PROVIDED MATERIAL -
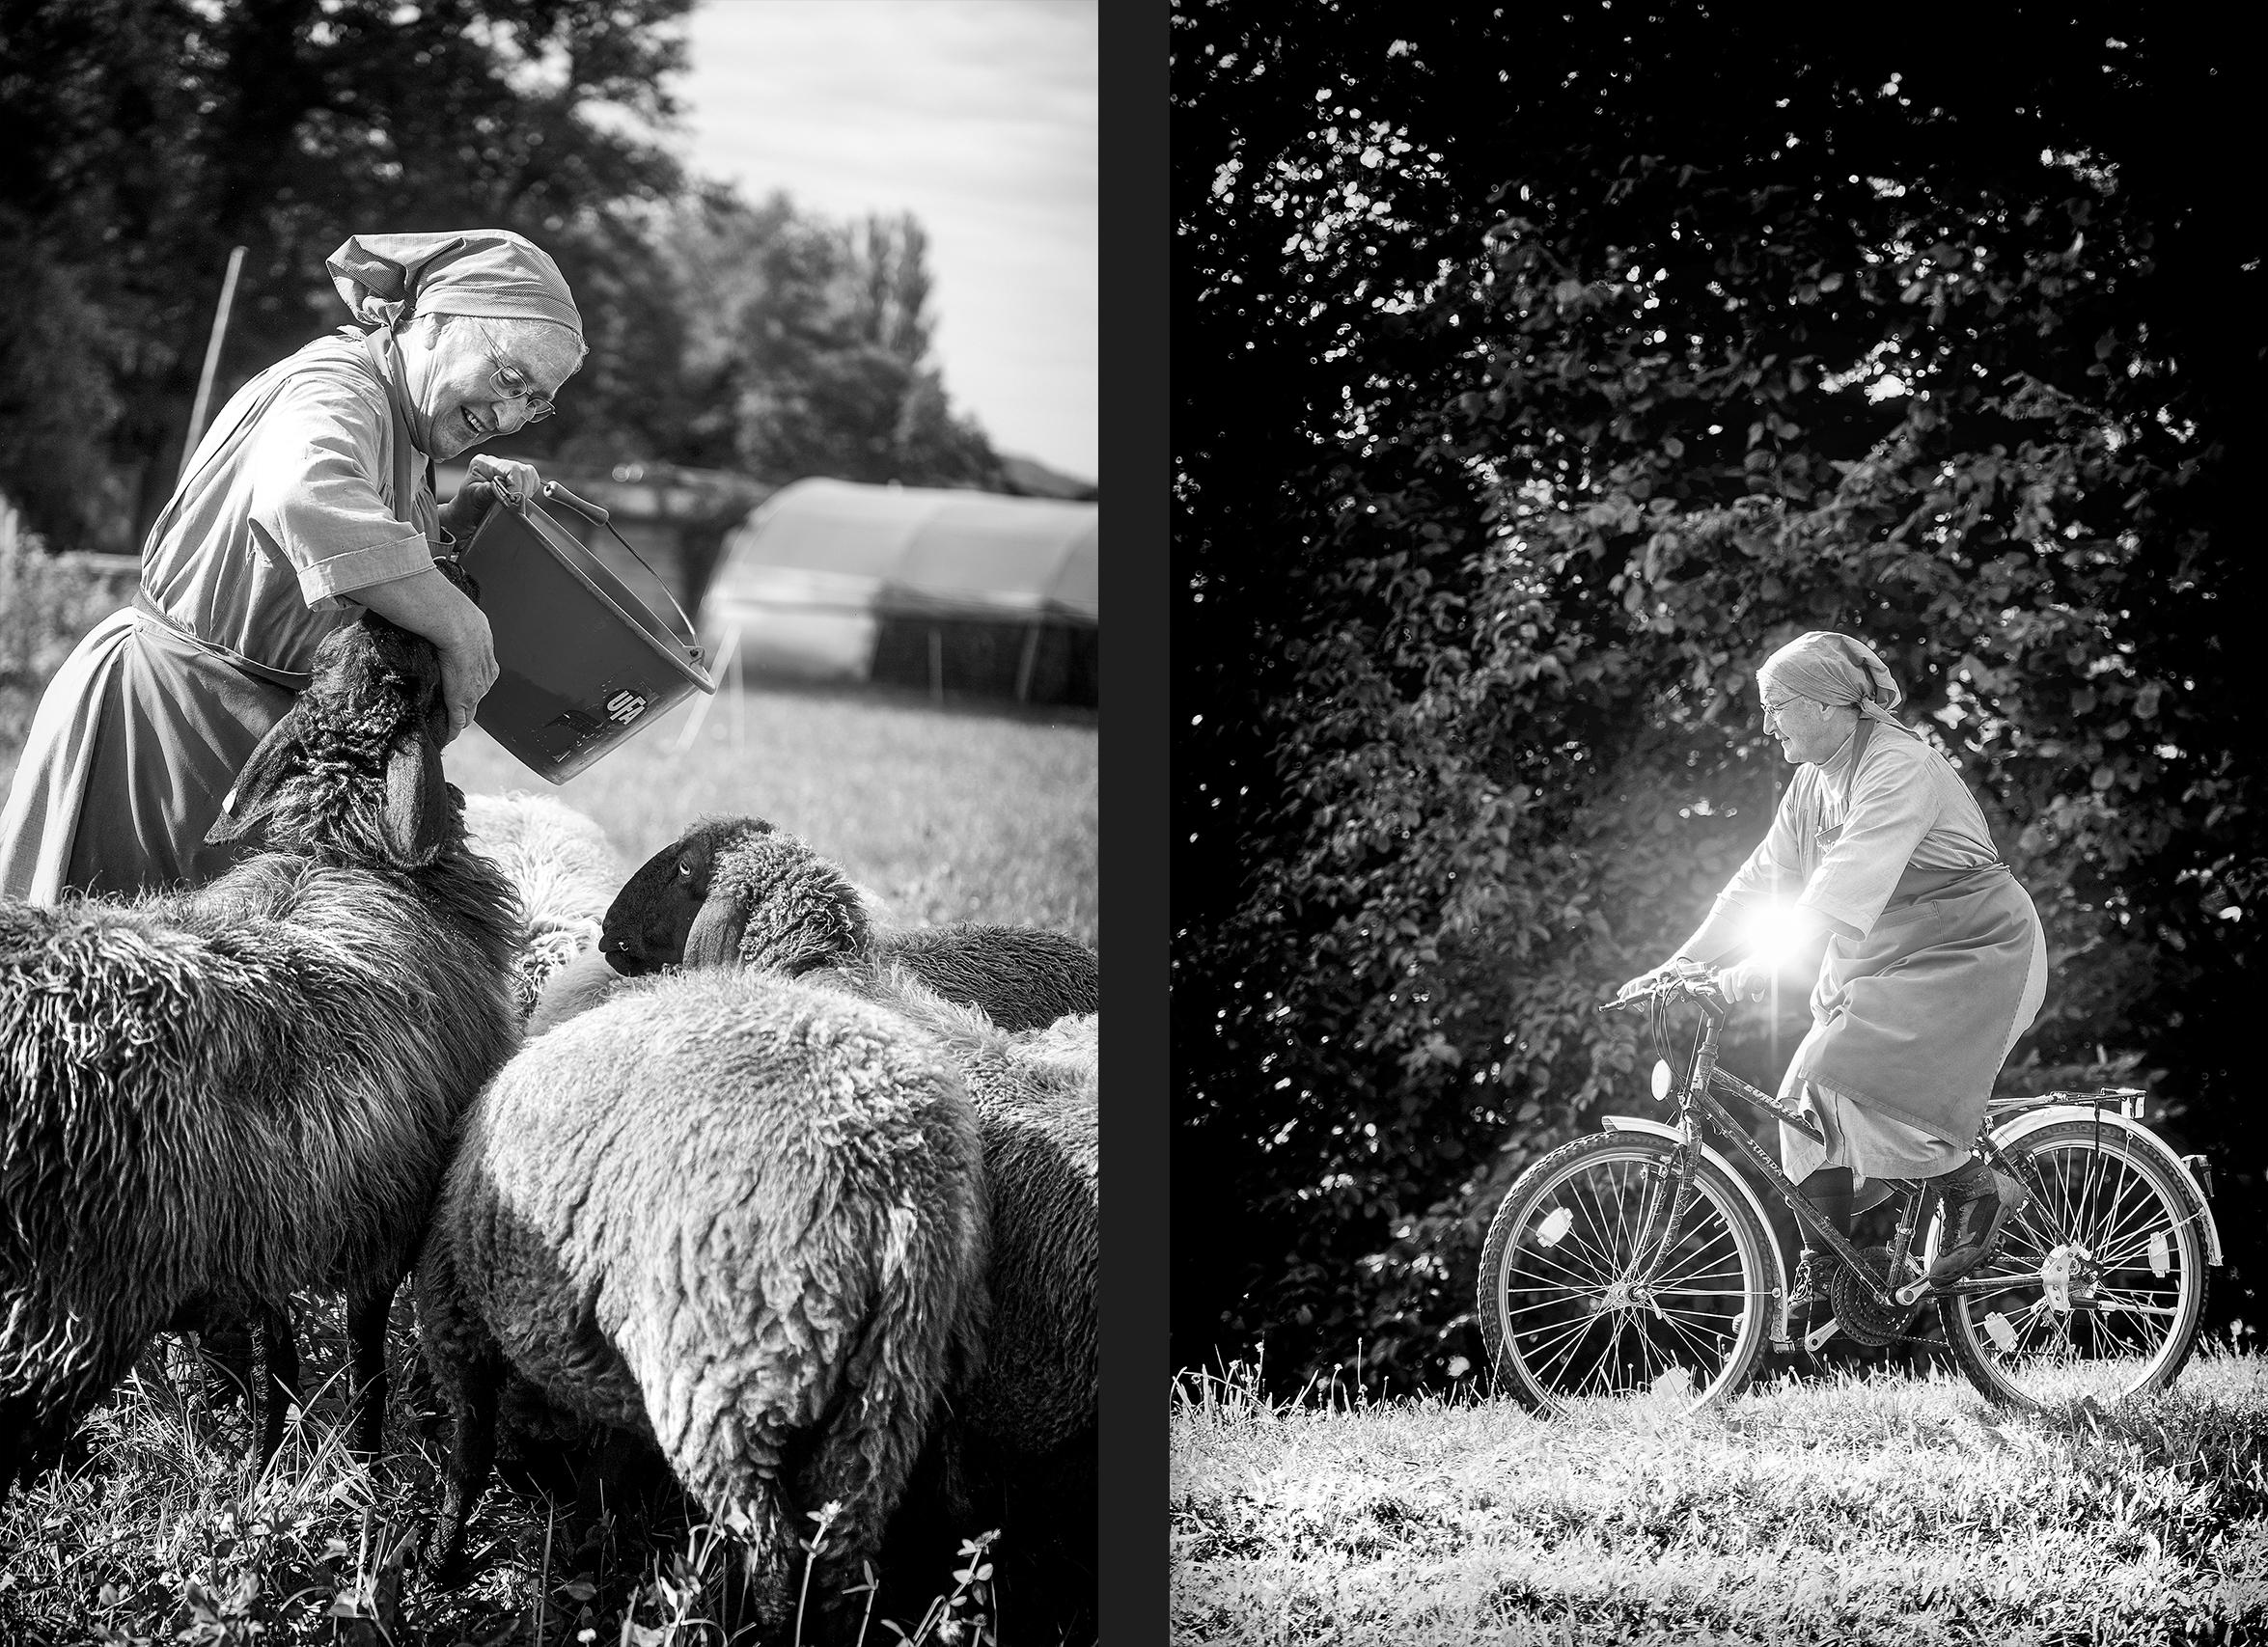 صورتان متجاورتان لراهبة، في الأولى وهي تركب دراجة هوائية، وفي الثانية وهي تطعم الأغنام
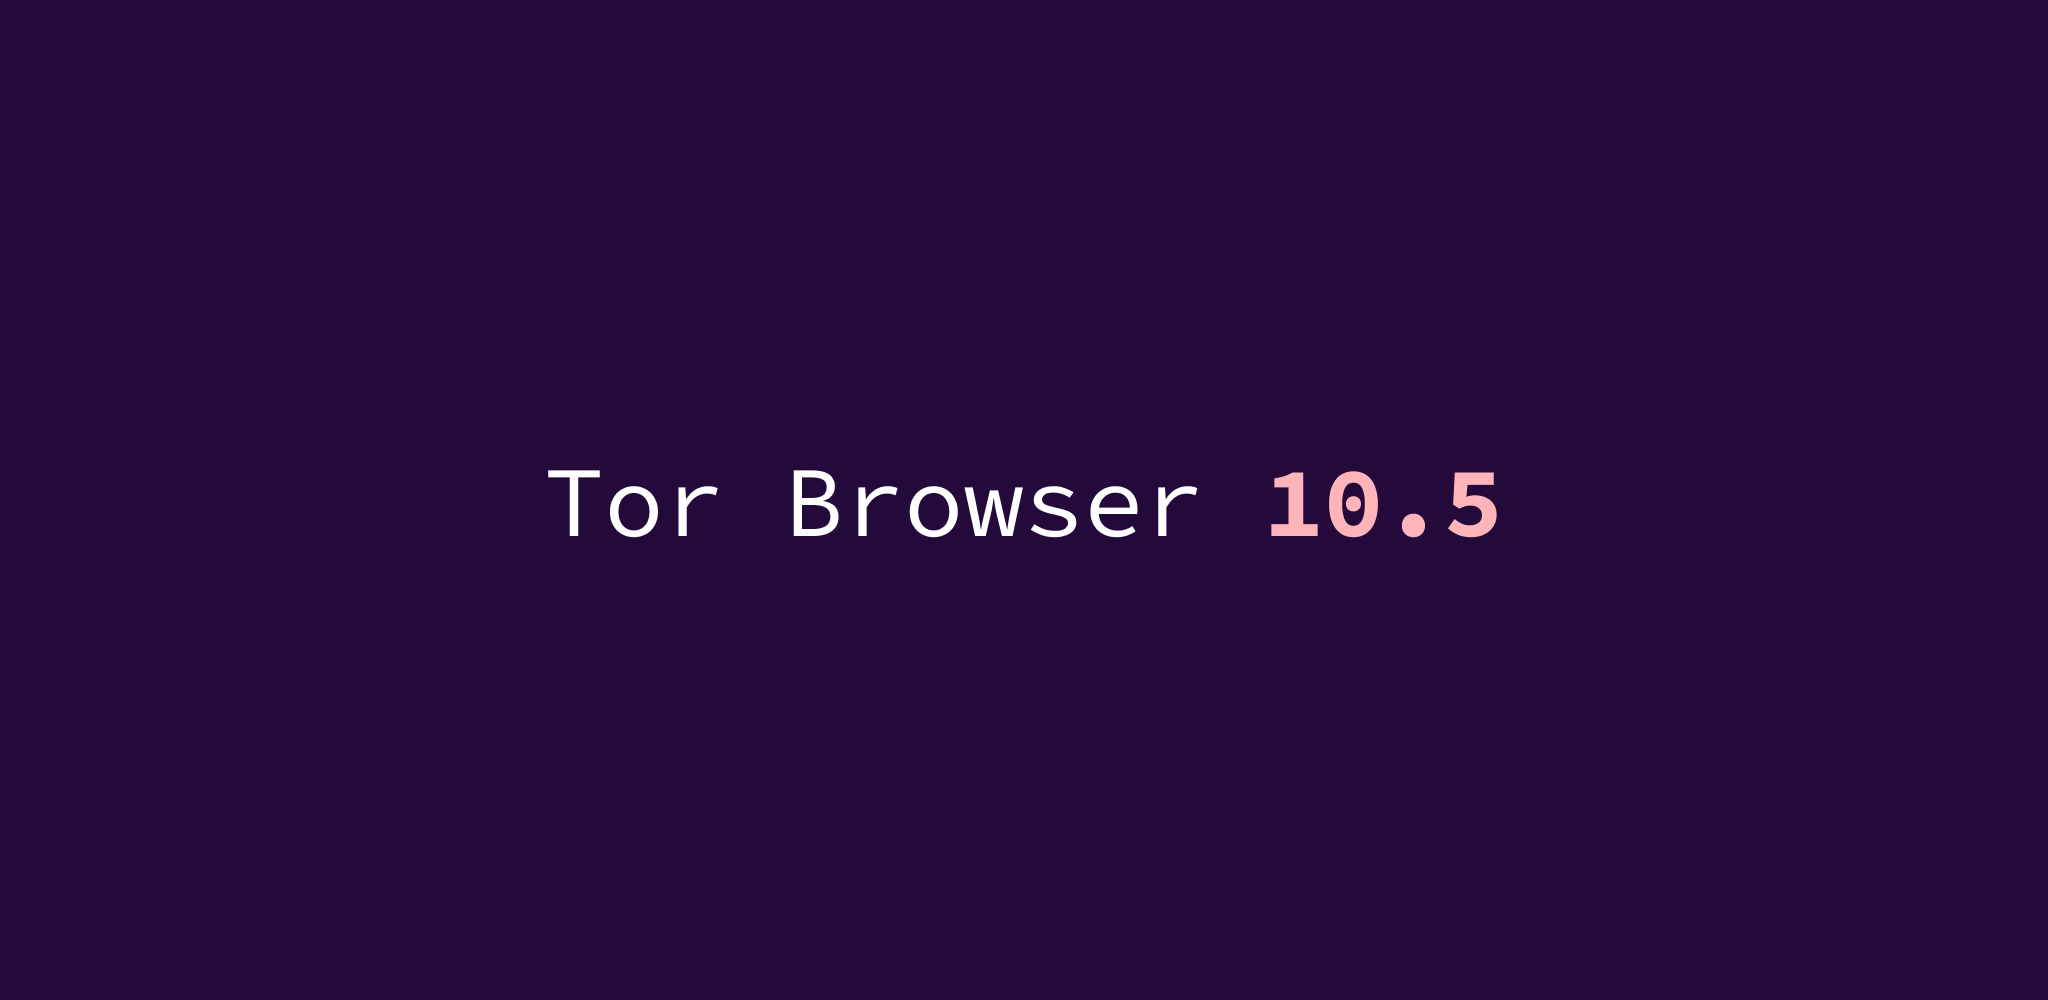 Start tor browser exe mega tor browser для wp mega
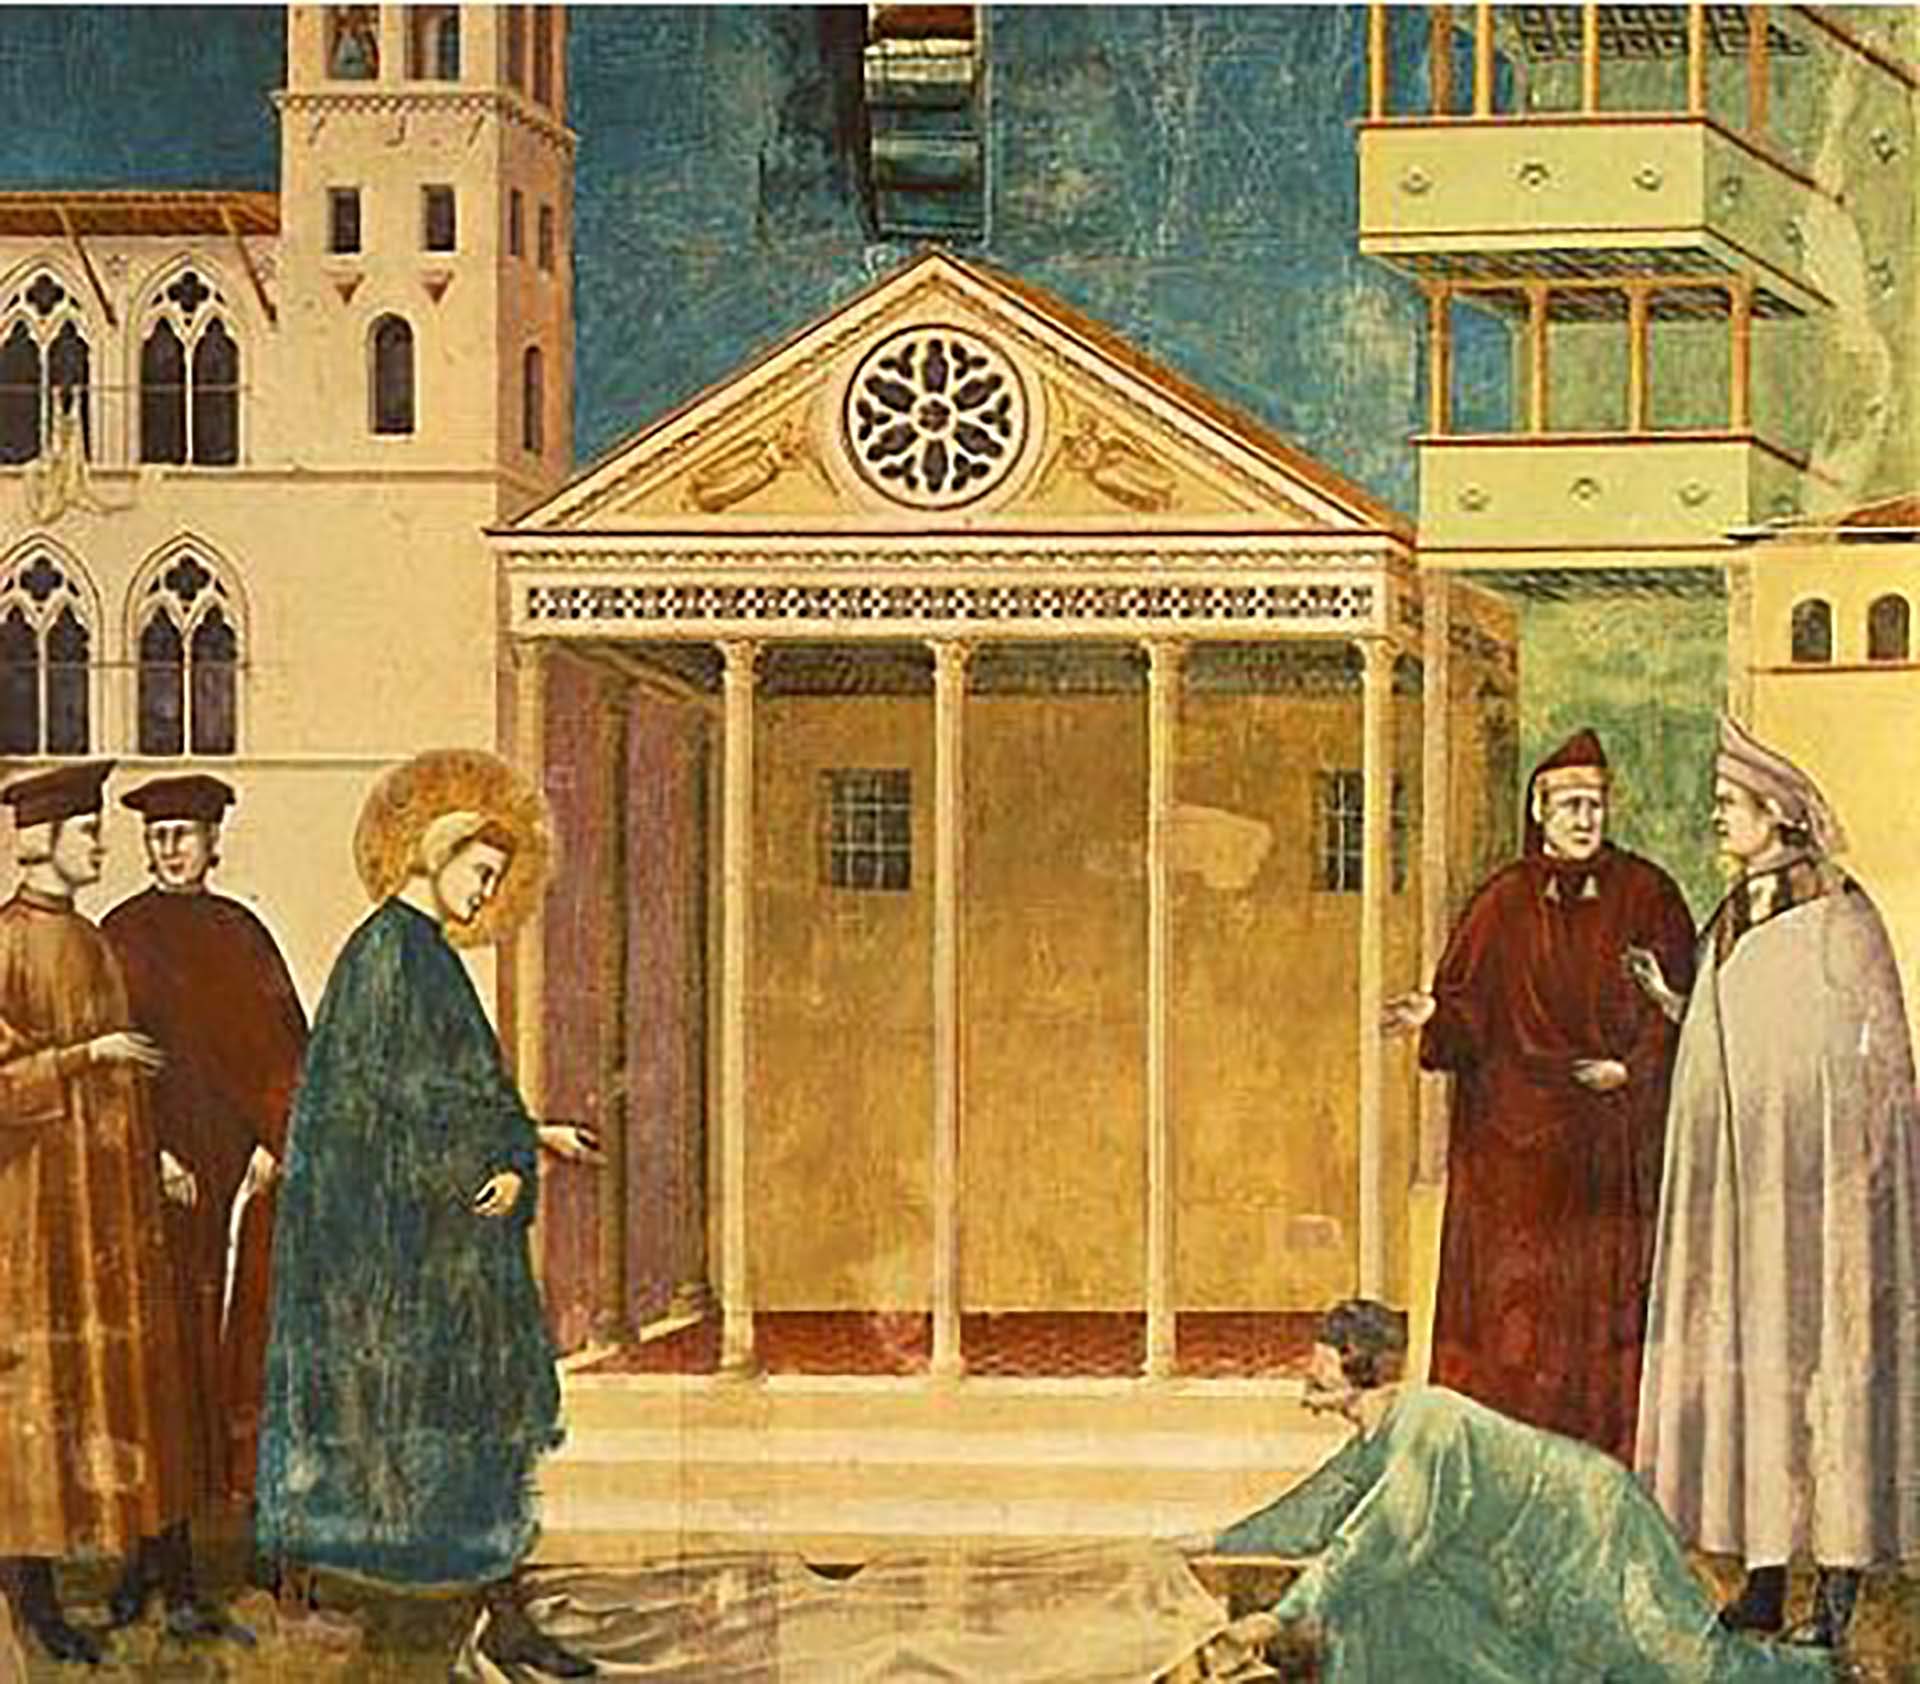 El fresco de Giotto que representa la escena donde un hombre pobre extendía su capa adonde Francisco (que aún no había recibido la revelación divina) iba a pisar

ACTION ITEM - Please output every line of the listing as it stands, and omit its images.

RESPONSE TO THIS EXERCISE -
 صورتان متجاورتان لراهبة، في الأولى وهي تركب دراجة هوائية، وفي الثانية وهي تطعم الأغنام
 Start tor browser exe mega tor browser для wp mega
 El fresco de Giotto que representa la escena donde un hombre pobre extendía su capa adonde Francisco (que aún no había recibido la revelación divina) iba a pisar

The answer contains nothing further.